Yes, indeed so. Same goes for fedup. I upgraded to F19 using fedup, and it didn't import the keys for me, which is why my first offline update attempt failed (despite having network access). The keys should have been imported during the upgrade.
> That's not this bug tho. This bug is about
> yum needing network access when it shouldn't do.
Yes. And I have a feeling I've just mentioned another one...
> Failed to download prestodelta for repository updates-testing: [Errno 256] No more mirrors to try.
I've checked yum's DRPM code. The only place we request prestodelta is DeltaInfo() constructor, and the "makecache" command. It definitely should NOT use prestodelta metadata if all RPMs could be verified (implying pkgs == ).
pkgs = 
for po in pkglist:
# download presto metadata and use drpms
presto = DeltaInfo(self, pkgs, adderror)
If Yum is trying to use prestodelta MD, then verify_local() must have failed for some reason (checksum, probably).
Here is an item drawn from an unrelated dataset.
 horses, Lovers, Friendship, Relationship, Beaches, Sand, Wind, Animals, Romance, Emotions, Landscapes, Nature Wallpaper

Note, with debug output on, Yum should also emit "using local copy of <package>" for each cached pkg.
This seems to be back on Richard per c#26, setting needinfo on him.
Author: Richard Hughes <firstname.lastname@example.org>
Date: Thu Jun 13 13:05:07 2013 +0100
yum: Use yb.downloadPkgs() to download updates
There were two bugs here:
- Using repo.getPackage() did not check the package checksum, only the size,
so it was possible to download a corrupt package and then not be able to
apply the updates
- By restricting to TS_UPDATE and TS_INSTALL we were ignoring any package that
was obsoleting another which could miss out packages.
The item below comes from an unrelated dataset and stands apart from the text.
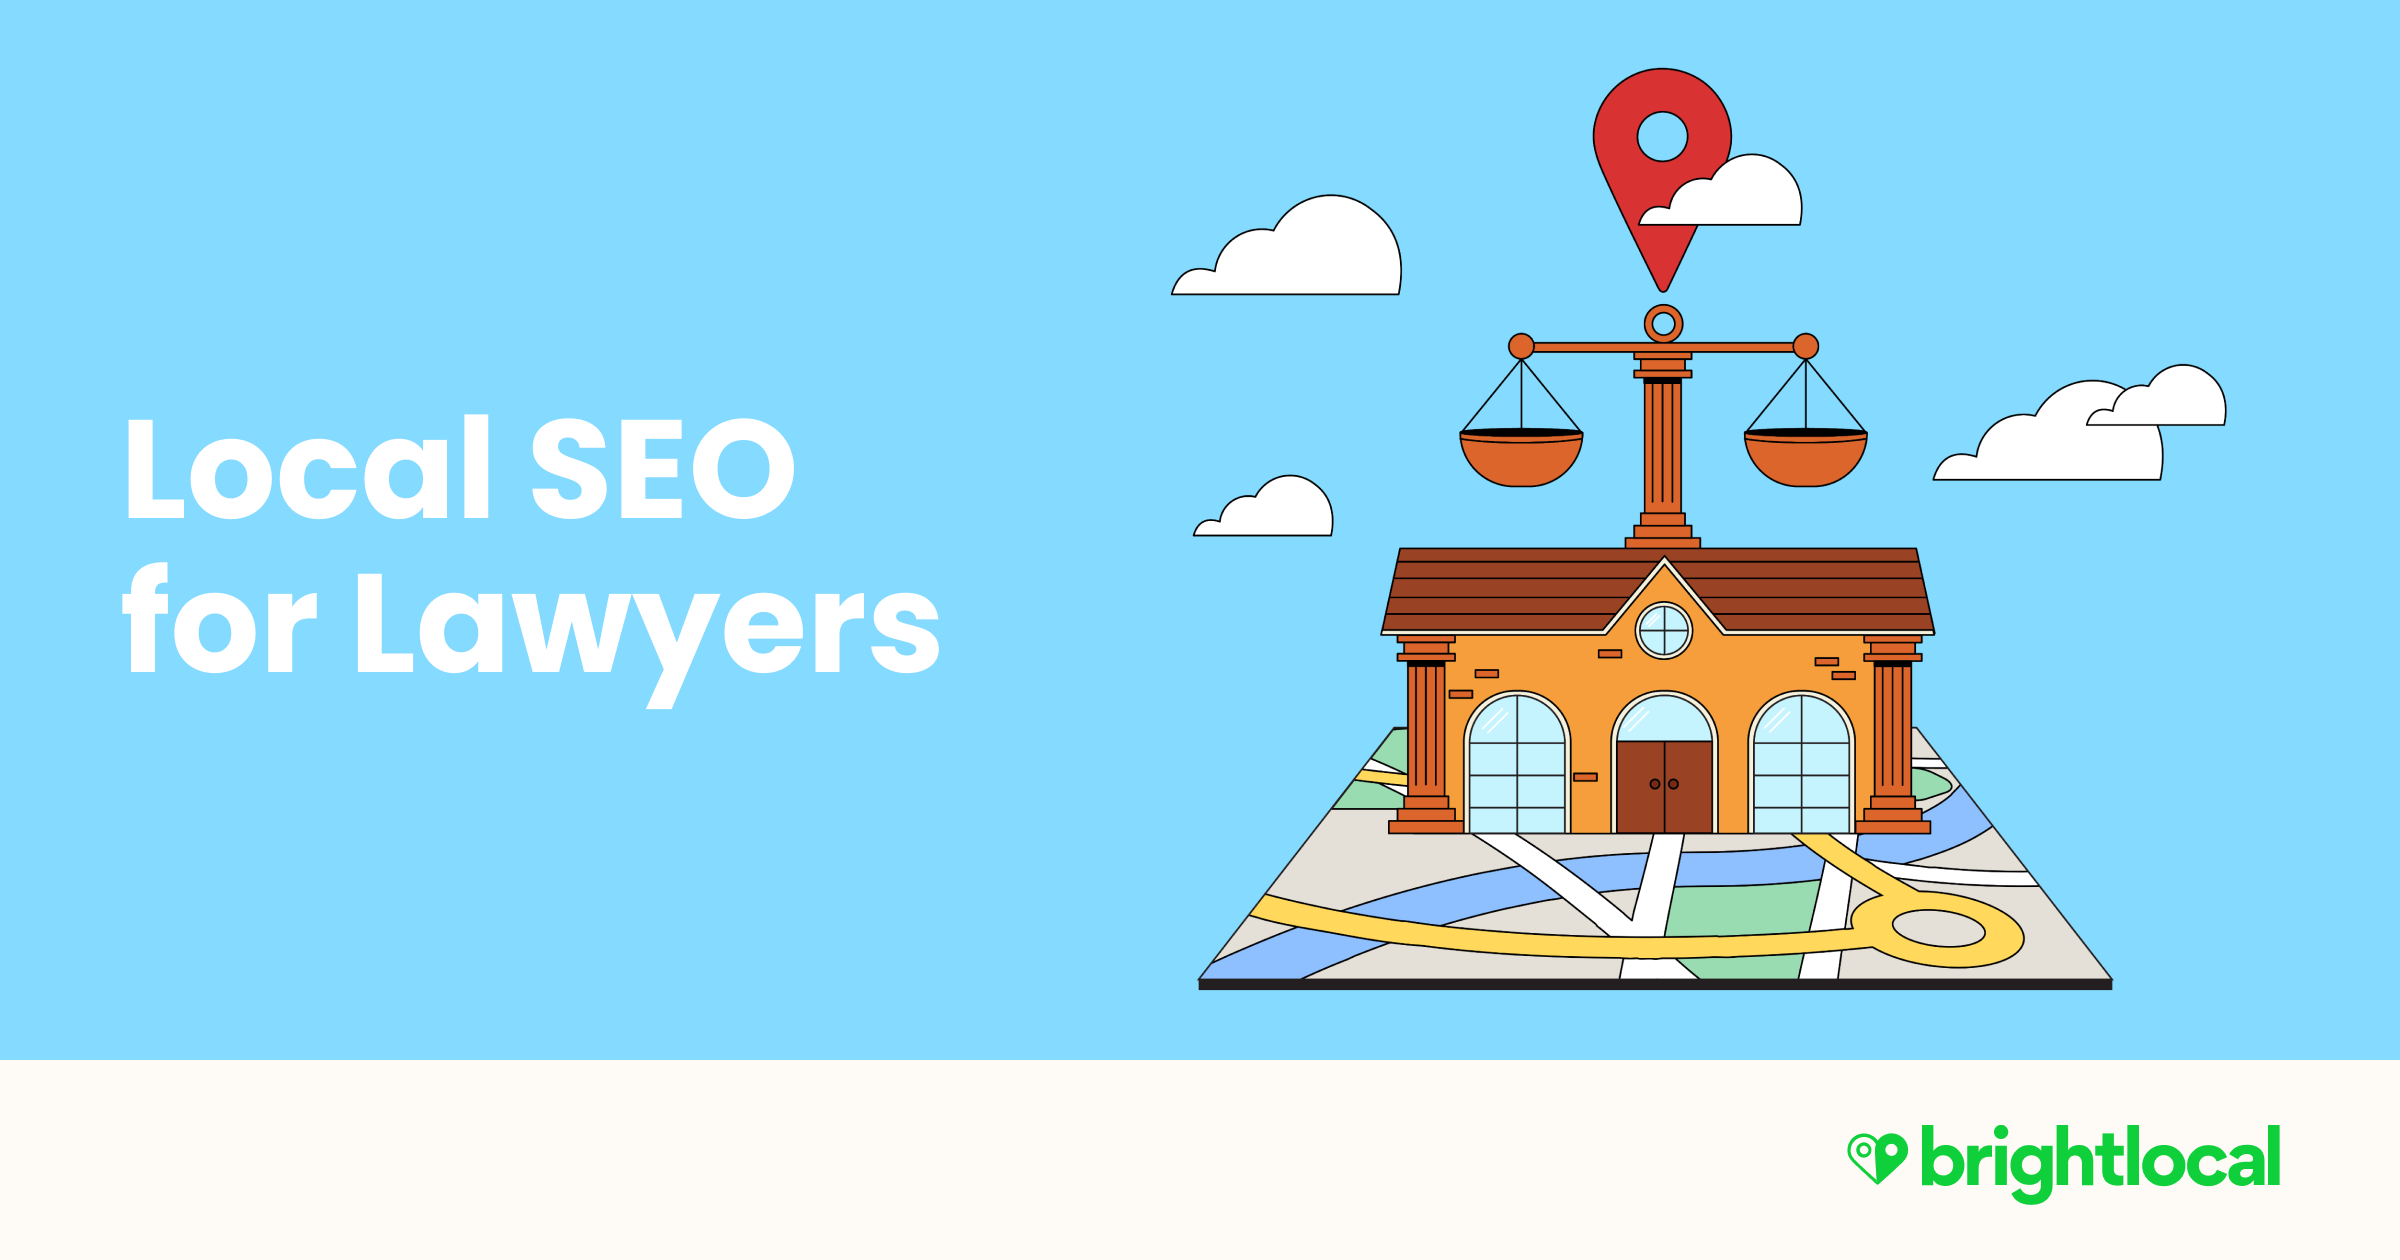 How to Do Local SEO for Lawyers

Many thanks to Zdenek Pavlas for all the help in finding these issues.
New builds are here: http://koji.fedoraproject.org/koji/taskinfo?taskID=5498906
PackageKit-0.8.9-4.fc19 has been submitted as an update for Fedora 19.
(In reply to Fedora Update System from comment #29)
> PackageKit-0.8.9-4.fc19 has been submitted as an update for Fedora 19.
This fixed the problem. I clean installed F19 TC3 DVD, tried to do offline updates (it crashed), then updated PK without installing gpg keys, performed offline updates again, and this time the system was updated.
One note though, PK no longer requires password for installing new applications, just for removal. I don't know whether it's intended.
PackageKit-0.8.9-4.fc19 appears to fix this problem if it's applied before running the "Install Updates & Restart" from user menu option.
PackageKit-0.8.9-4.fc19 has been pushed to the Fedora 19 stable repository. If problems still persist, please make note of it in this bug report.